Obéissant, Yannis passa sa main à l'intérieur du disque, et pensa à un autre endroit.

Eraserhead attendit quelques instants, avant de voir qu'un autre disque s'était formé juste devant la cible, et la main du jeune homme en sortit, incandescente, et traversa de part en part la cible, formant un trou fulminant en plein dans le mille.

Efficace, mais le plus extraordinaire, c'était que le visage du jeune homme trahissait une joie immense, comme si il était un enfant découvrant son pouvoir pour la première fois... Non, découvrant qu'il pouvait littéralement respirer.

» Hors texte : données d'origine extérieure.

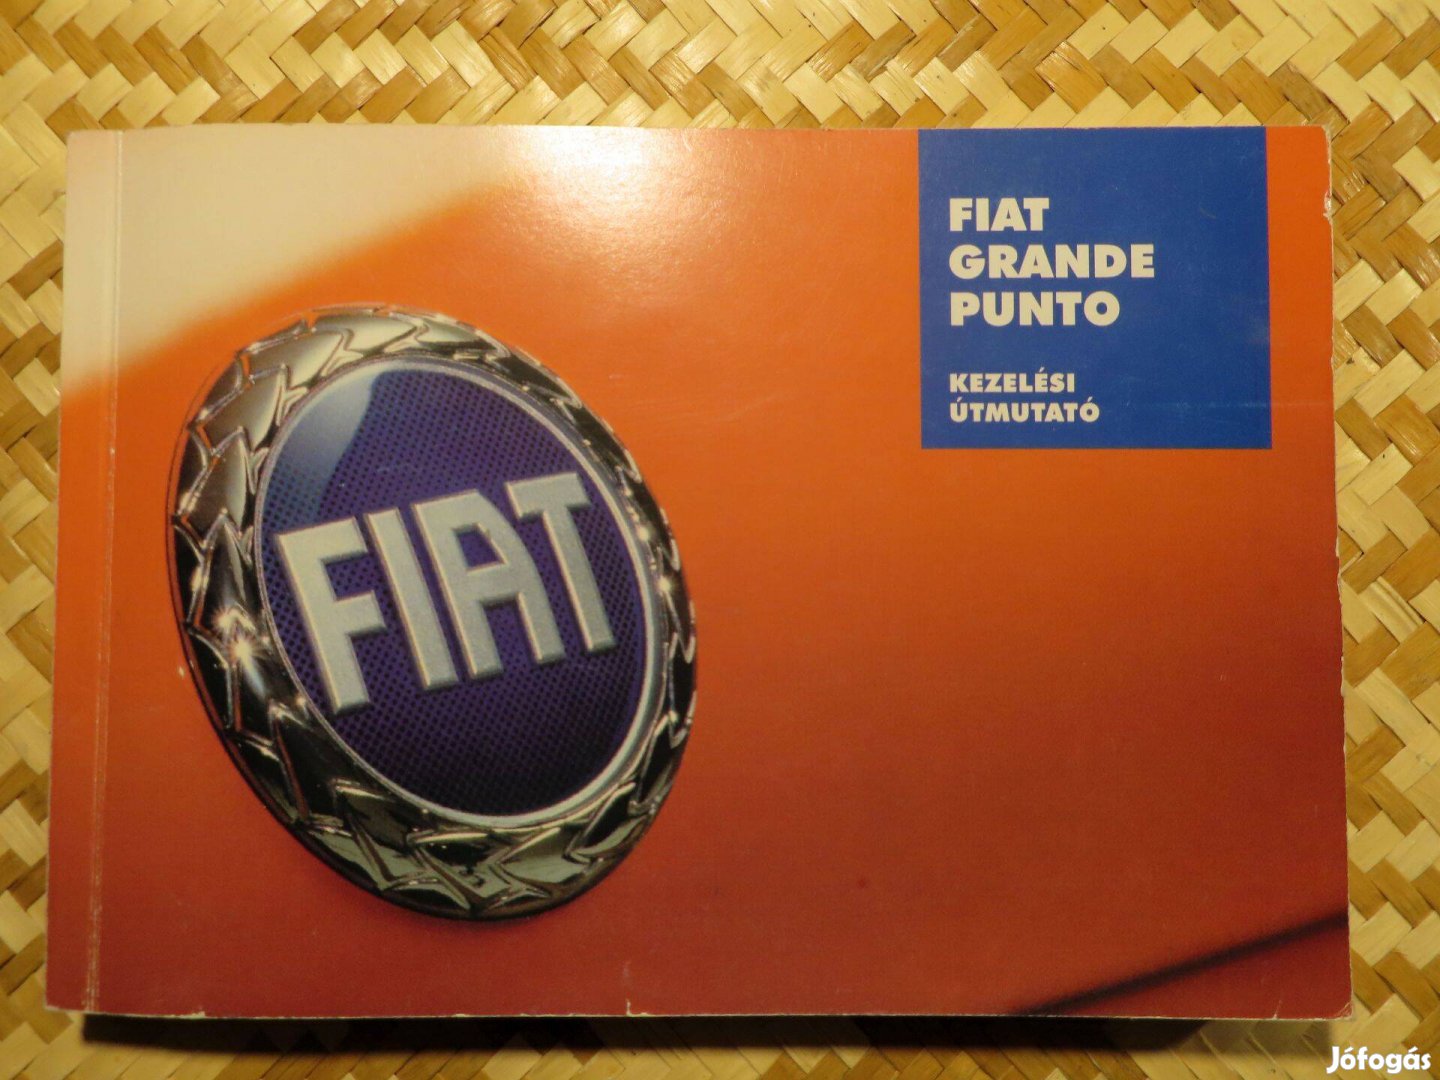 Fiat Grande Puntó magyar nyelvű kezelési útmutató eladó

Il se surpris à sourire légèrement, devant cette mine qui ne ressemblait pas à celle d'un sans-abri désabusé, ou un adulte qui comprenait les autres et cherchait à les manipuler. Non, c'était juste celle d'un adolescent heureux de découvrir ce qu'il pouvait faire. Enfin quelque chose de normal, pensa le héros en faisant un signe de tête aux autres cibles.

- Pas mal, mais tente d'être plus rapide, plus précis. Quand tu seras capable d'atteindre un score d'une seconde maximum, on pourra passer à la projection de cette énergie.